Can Dynamic Computation Reduction Slash Redundancy in Decoder‑Only Multimodal LLMs?
This article analyzes the visual token redundancy in decoder‑only multimodal large language models and presents a training‑free dynamic computation reduction framework—including Probe‑Activated Dynamic FFN, Hollow Attention, and a Layer Ranking Algorithm—that dramatically speeds up inference while preserving or even improving model performance.
Multimodal large language models (MLLMs) mainly follow two architectural paradigms:
Decoder‑only (e.g., LLaVA, InternVL2): visual tokens are concatenated with text tokens and processed jointly by self‑attention and feed‑forward networks (FFN). This yields strong performance but the visual token self‑attention and FFN dominate the computational cost, often exceeding 90% of total FLOPs.
Cross‑attention (e.g., Flamingo): visual information is injected via a cross‑attention module, bypassing visual self‑attention and FFN, which reduces computation at the expense of a modest performance drop.
Core problem : Is the heavy visual‑token computation redundant, and can this redundancy be exploited to accelerate inference without retraining?
1. Research Goals and Technical Contributions
The study proposes a completely training‑free inference acceleration framework that dynamically reduces or skips computation for selected visual tokens.
Analyze visual‑token redundancy in pretrained decoder‑only MLLMs using a lightweight probing procedure.
Identify structured redundancy that can guide layer‑wise reduction.
Introduce three complementary mechanisms: Probe‑Activated Dynamic FFN, Hollow Attention, and a Layer Ranking Algorithm.
1.1 Probe‑Activated Dynamic FFN
In a standard Transformer layer, each visual token passes through a full FFN (two linear projections W1 → activation → W2). The dynamic variant proceeds as follows:
Sample a small subset of visual tokens (M << N) from the full sequence.
Compute hidden representations for the sampled tokens and take the mean absolute value of each dimension to obtain an importance score for every column of W1 and row of W2.

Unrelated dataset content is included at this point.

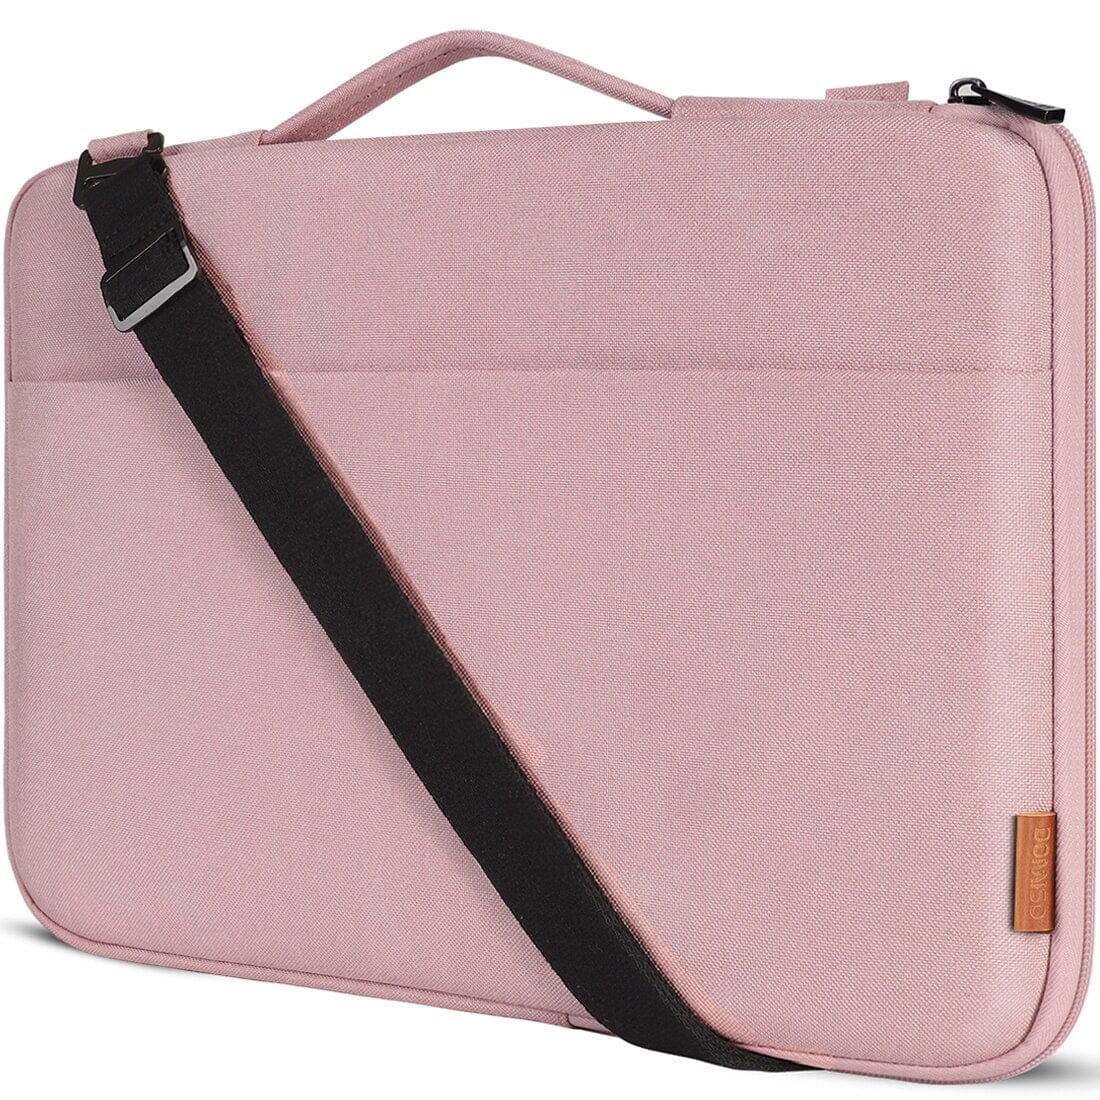 Laptop Messenger Bag 15.6 inch The Store Bags Pink 15.6-inch

Select the top‑K dimensions with highest scores, yielding index sets S1 and S2.
During inference, activate only the sub‑matrices W1[:, S1] and W2[S2, :] for all visual tokens; the remaining parameters are skipped.
Advantage: No additional training is required; the model decides on‑the‑fly which FFN parameters to evaluate, dramatically cutting visual‑token computation.
1.2 Hollow Attention
Global self‑attention over all visual tokens is expensive and often redundant. Hollow Attention replaces it with a sparse, local attention pattern:
Each visual token attends only to a fixed‑size window (e.g., 256 neighboring tokens) instead of the entire visual sequence.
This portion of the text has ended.